Henry Ernest Dudeney/Modern Puzzles/Geometrical Problems/Dissection Puzzles

Henry Ernest Dudeney: Modern Puzzles: Geometrical Problems: Dissection Puzzles

$103$ - A New Cutting-out Puzzle

Cut the figure into four pieces that will fit together and form a square.

$104$ - The Square Table-Top

A man had three pieces of beautiful wood, measuring $12$ units, $15$ units and $16$ units square respectively.

He wanted to cut those into the fewest pieces possible that would fit together and form a small square table-tip $25$ units by $25$ units.

How was he to do it?

$105$ - The Squares of Veneer

A man has two squares of valuable veneer, each measuring $25$ units by $25$ units.

One piece he cut, in the manner shown in our illustration, in four parts that will form two squares,

one $20$ units by $20$ units, and the other $15$ units by $15$ units.

Simply join $C$ to $A$ and $D$ to $B$.

How is he to cut the other square into four pieces that will form again two other squares, with sides in exact units,

but not $20$ and $15$ as before?

$106$ - Dissecting the Moon

In how large a number of pieces can this crescent moon be cut with five straight cuts of the knife?

The pieces may not be piled or shifted after a cut.

$107$ - Dissecting the Letter E

Can you cut this letter $\text E$ into only five pieces so that they will fit together to form a perfect square?

All the measurements have been given so that there should be no doubt as to the correct proportions of the letter.

In this case you are not allowed to turn over any piece.

$108$ - Hexagon to Square

Can you cut a regular hexagon into $5$ pieces that will fit together to form a square?

$109$ - Squaring a Star

This six-pointed star can be cut into as few as five pieces that will fit together to form a perfect square.

To perform the feat in $7$ pieces is quite easy,

but to do it in $5$ is more difficult.

The dotted lines are there to show the true shape of the star, which is made of $12$ equilateral triangles.

$110$ - The Mutilated Cross

Here is a regular Greek cross from which has been cut a square piece exactly equal to one of the arms of the cross.

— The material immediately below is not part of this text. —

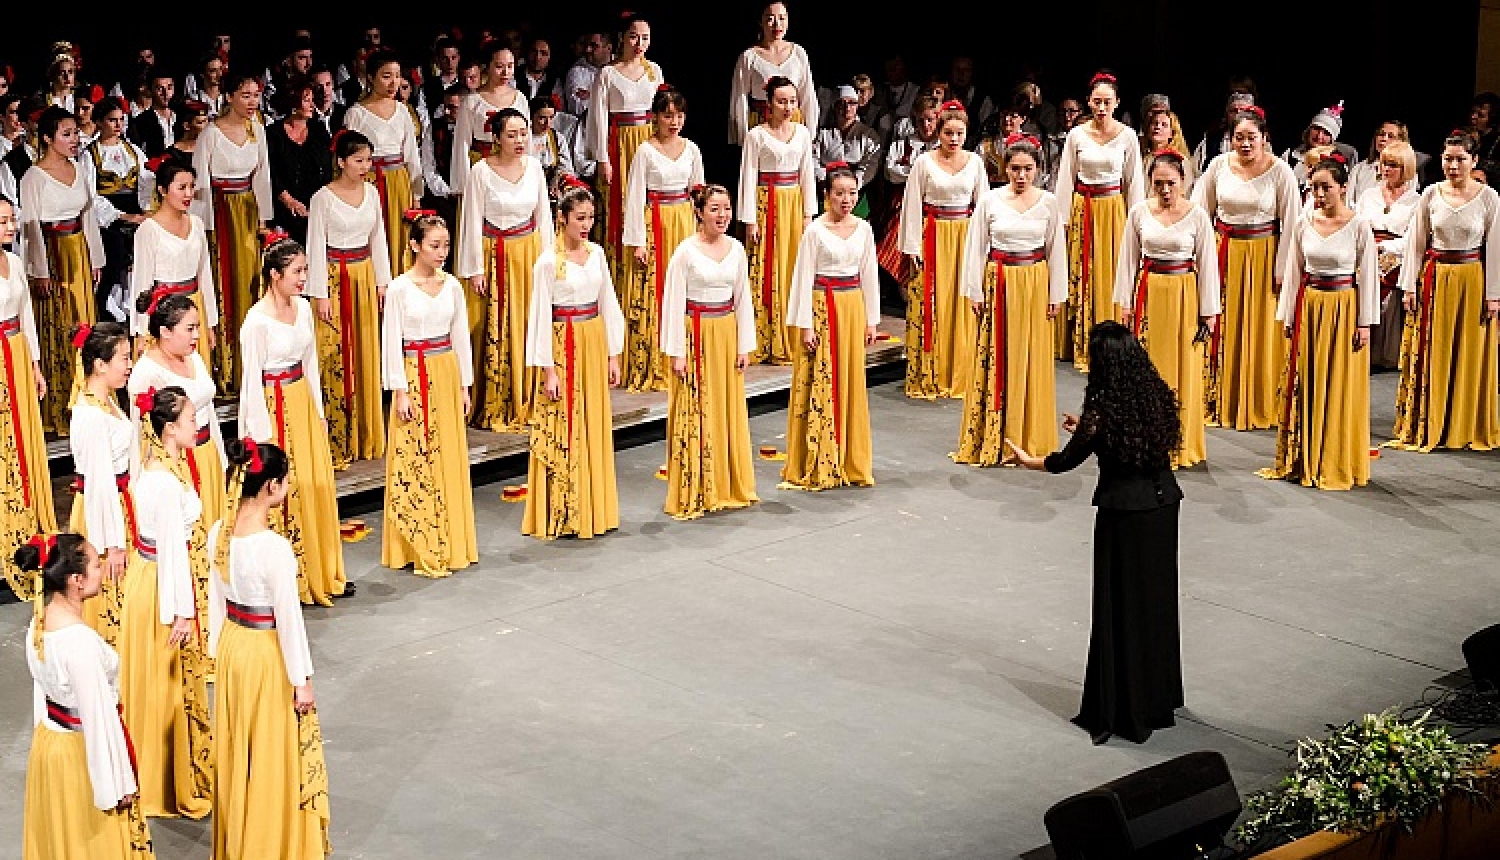 Eiropas koru olimpiādes reģionālais koncerts notiks arī Liepājā

The puzzle is to cut what remains into four pieces that will fit together and form a square.

$111$ - The Victoria Cross

Cut the cross shown into seven pieces that will fit together and form a perfect square.

Of course, there must be no trickery or waste of material.

$112$ - Squaring the Swastika

Cut out the swastika and then cut it up into four pieces that will fit together and form a square.

$113$ - The Maltese Cross

Can you cut the star into four pieces and place them inside the frame so as to show a perfect Maltese cross?

$114$ - The Pirates' Flag

Here is a flag taken from a band of pirates on the high seas.

The twelve stripes represented the number of men in the band,

and when a new man was admitted or dropped out a new stripe was added or one removed, as the case might be.

Can you discover how the flag should be cut into as few pieces as possible so that they may be put together again and show only ten stripes?

No part of the material may be wasted, and the flag must retain its oblong shape.

$115$ - The Carpenter's Puzzle

A ship's carpenter had to stop a hole $12$ inches square,

and the only piece of wood that was available measured $9 \ \mathrm{in.}$ in breadth by $16 \ \mathrm{in.}$ length.

How did he cut it into only two pieces that would exactly fit the hole?

The answer is based on the "step principle", as shown in the diagram.

If you move the piece marked $B$ up one step to the left,

it will exactly fit on $A$ and form a perfect square measuring $12$ inches on every side.

This is very simple and obvious.

But nobody has ever attempted to explain the general law of the thing.

As a consequence, the notion seems to have got abroad that the method will apply to any rectangle where the proportion of length to breadth is within reasonable limits.

This is not so, and I have had to expose some bad blunders in the case of published puzzles that were supposed to be solved by an application of this step principle,

but were really impossible of solution.$^*$

Let the reader take different measurements, instead of $9 \ \mathrm{in.}$ by $16 \ \mathrm{in.}$,

and see if he [or she] can find other cases in which this trick will work in two pieces and form a perfect square.

$116$ - The Crescent and the Star

Here is a little puzzle on the Crescent and the Star.

Look at the illustration, and see if you can determine which is the larger, the Crescent or the Star.

If both were cut out of a sheet of solid gold, which would be more valuable?

As it is very difficult to guess by the eye,

I will state that the outer arc is a semicircle;

the radius of the inner arc is equal to the straight line $BC$;

the distance in a straight line from $A$ to $B$ is $12$ units,

and the point of the star, $D$, contains $3$ square units.